-- Opening Marker --

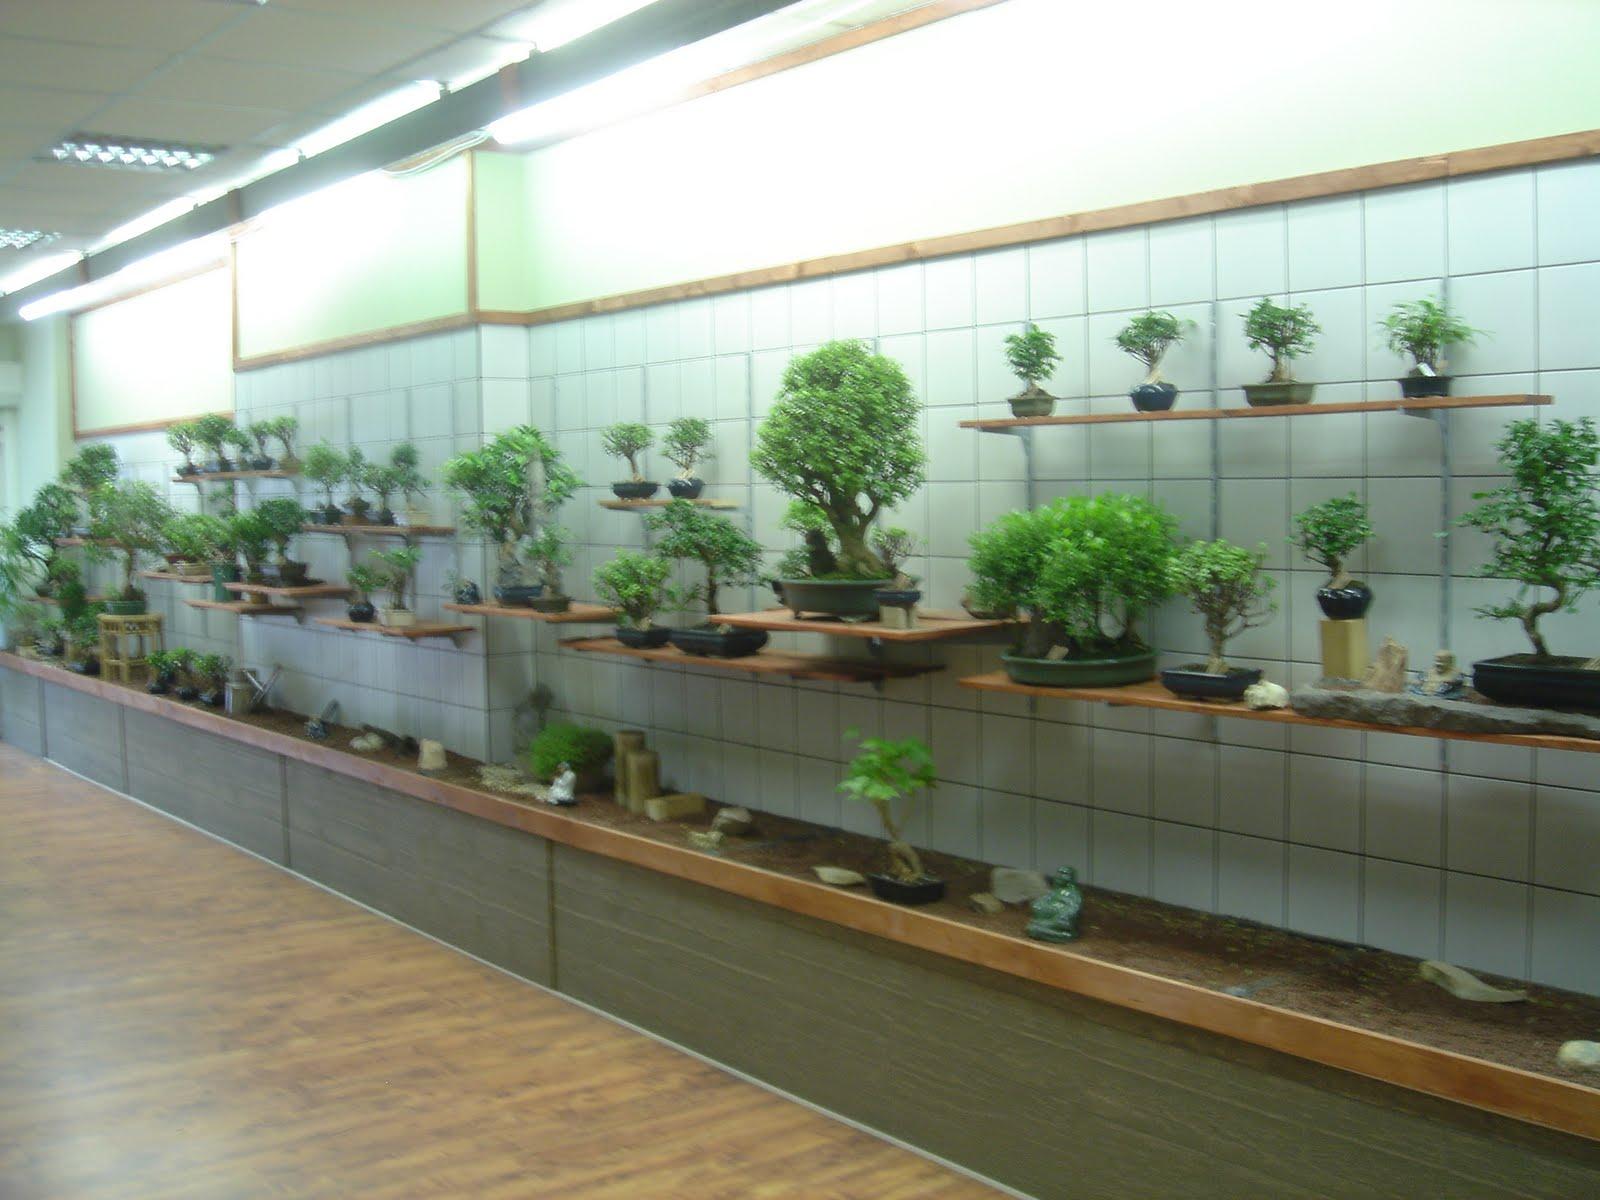 bonsai shop berlin bonsai blog yoske nishiumi bonsai concept berlin bohnenhase bento j store. Black Bedroom Furniture Sets. Home Design Ideas
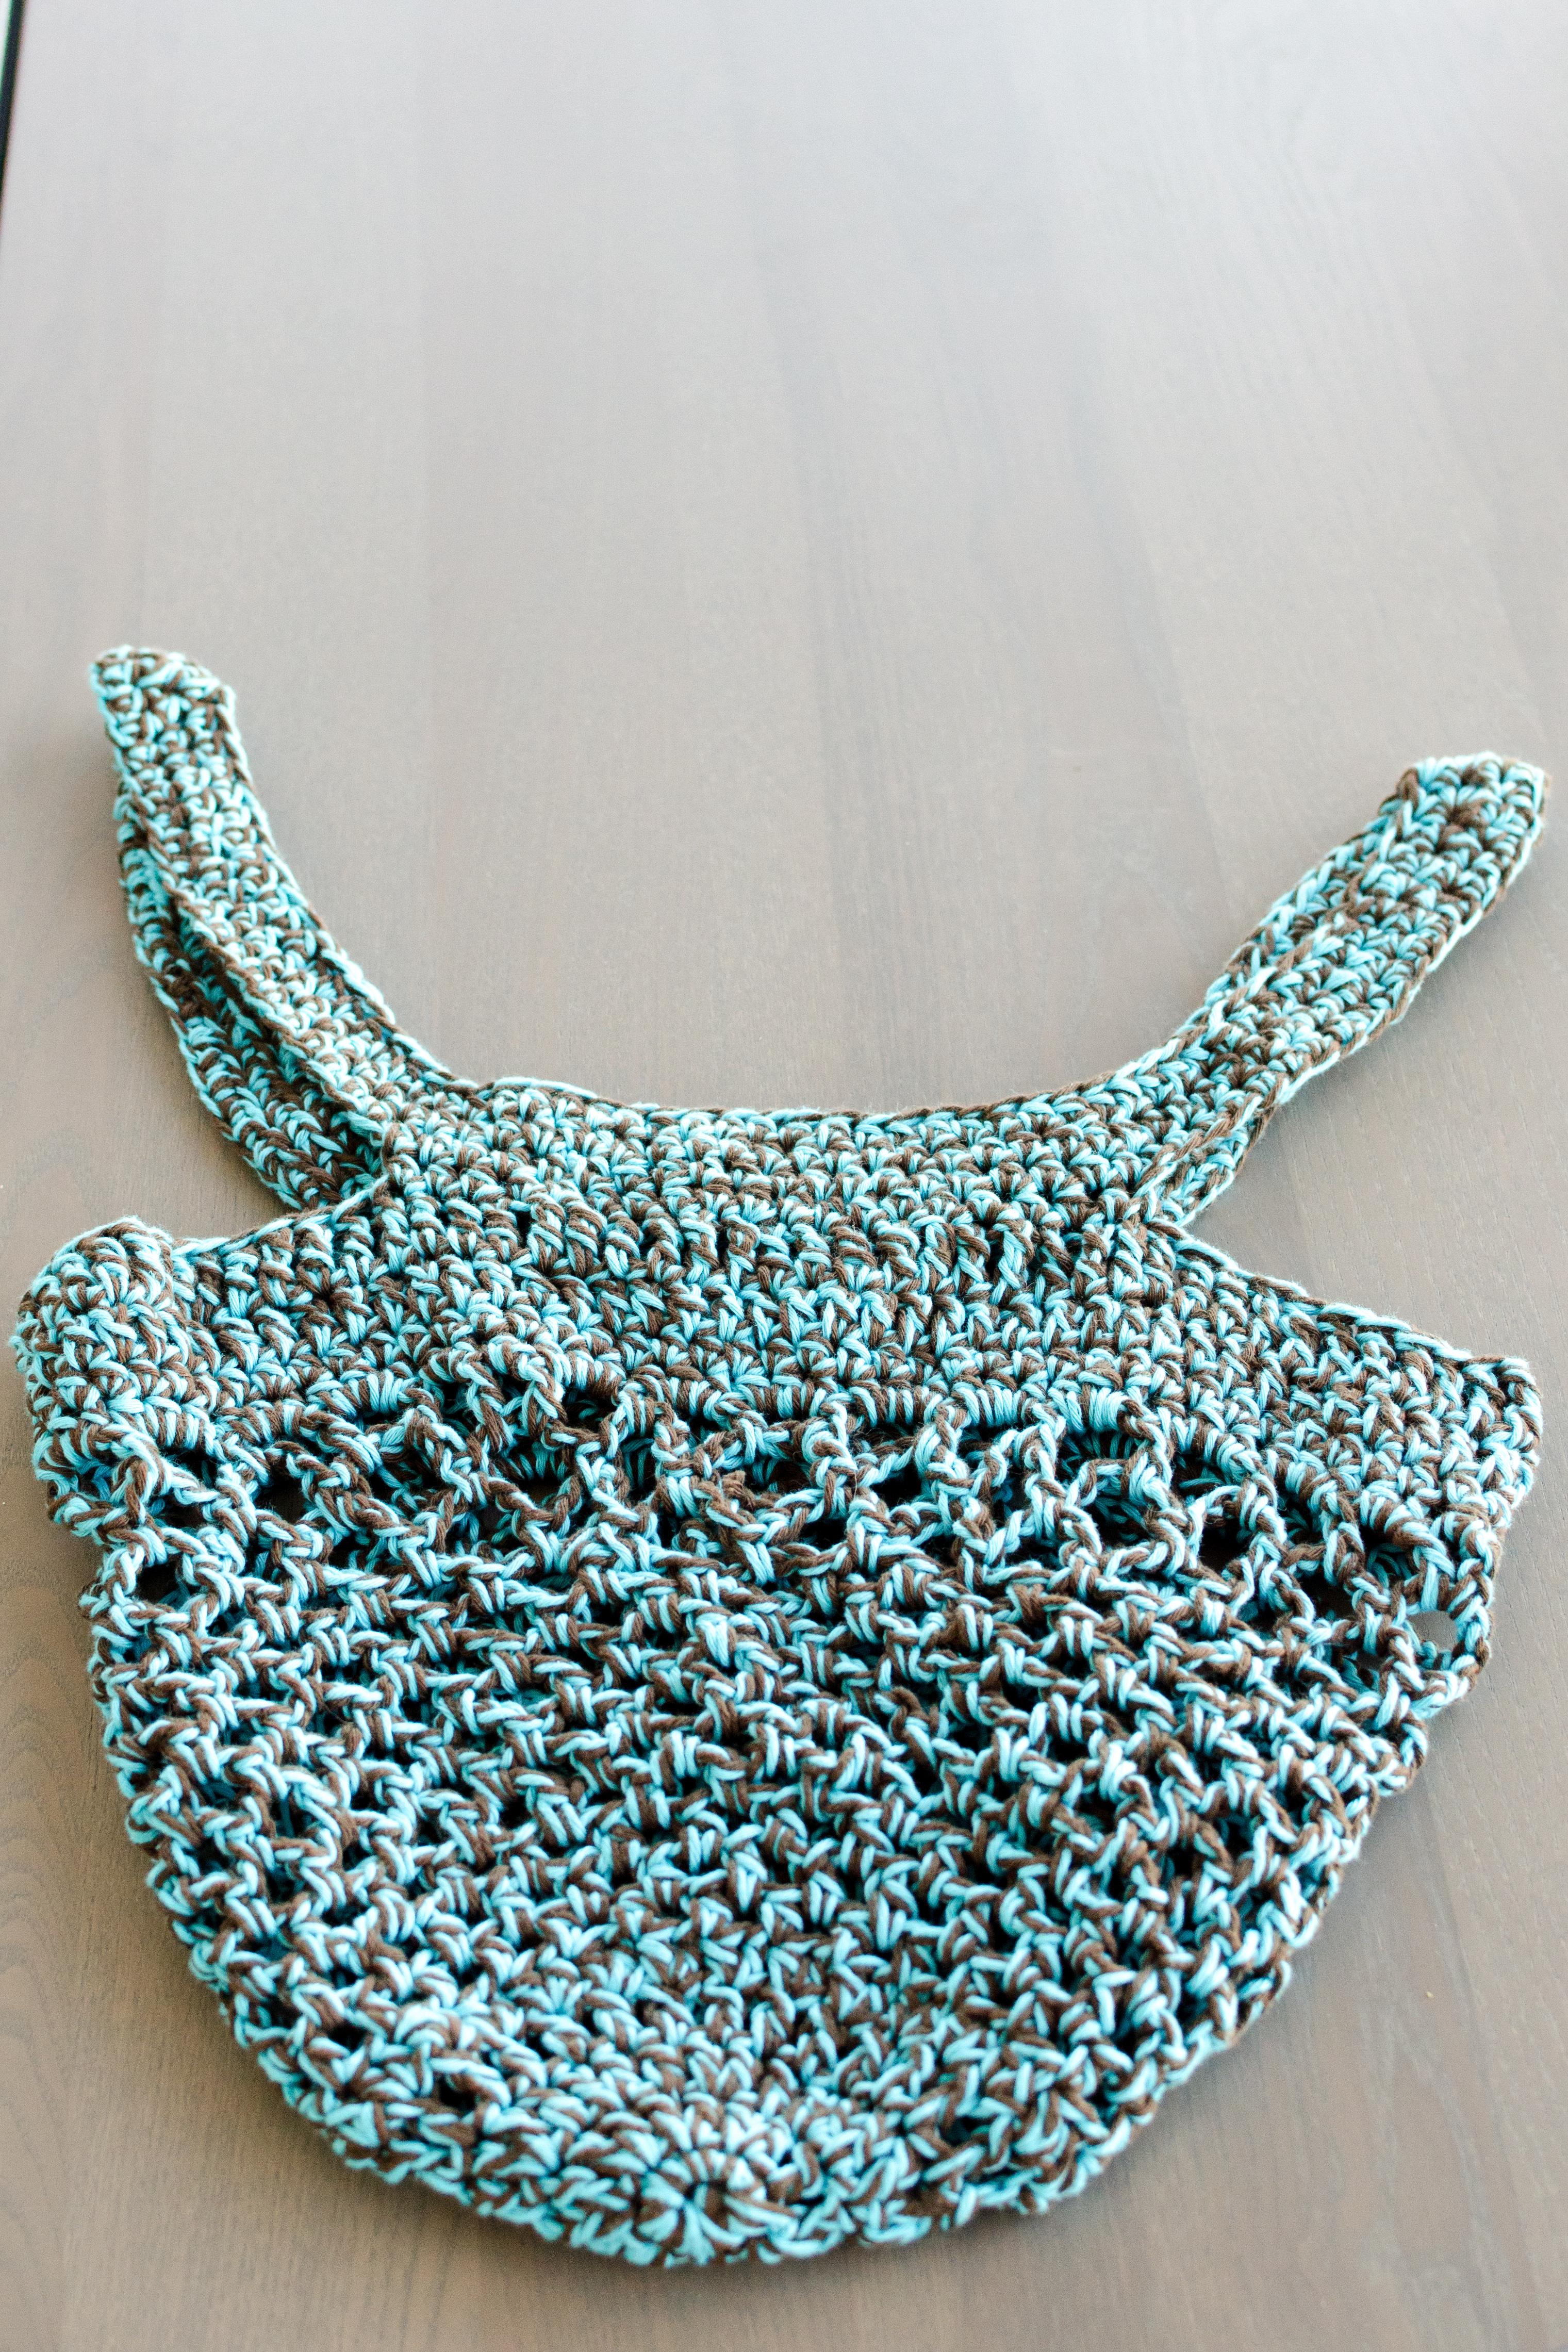 Annie's market bag
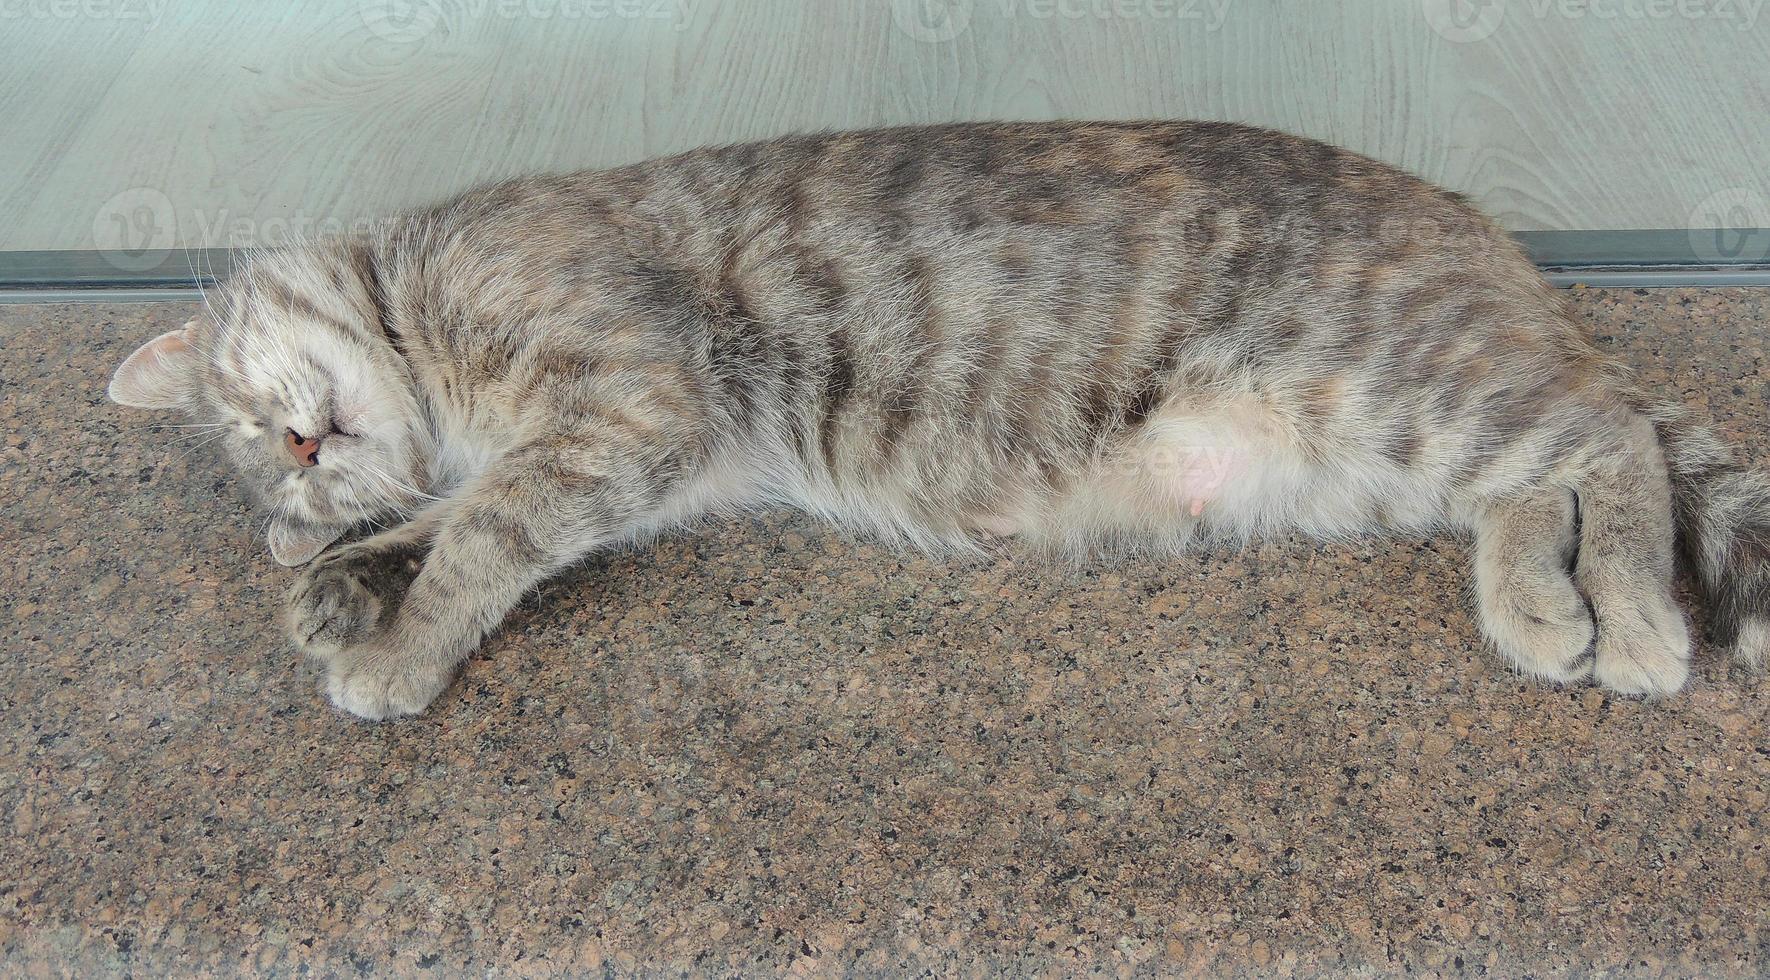 chat endormi. photo

-- Closing Marker --

What the task requires >> What you give back must be the data above, reproduced exactly and free of pictures.

The completed task >>
 bonsai shop berlin bonsai blog yoske nishiumi bonsai concept berlin bohnenhase bento j store. Black Bedroom Furniture Sets. Home Design Ideas
 Annie's market bag
 chat endormi. photo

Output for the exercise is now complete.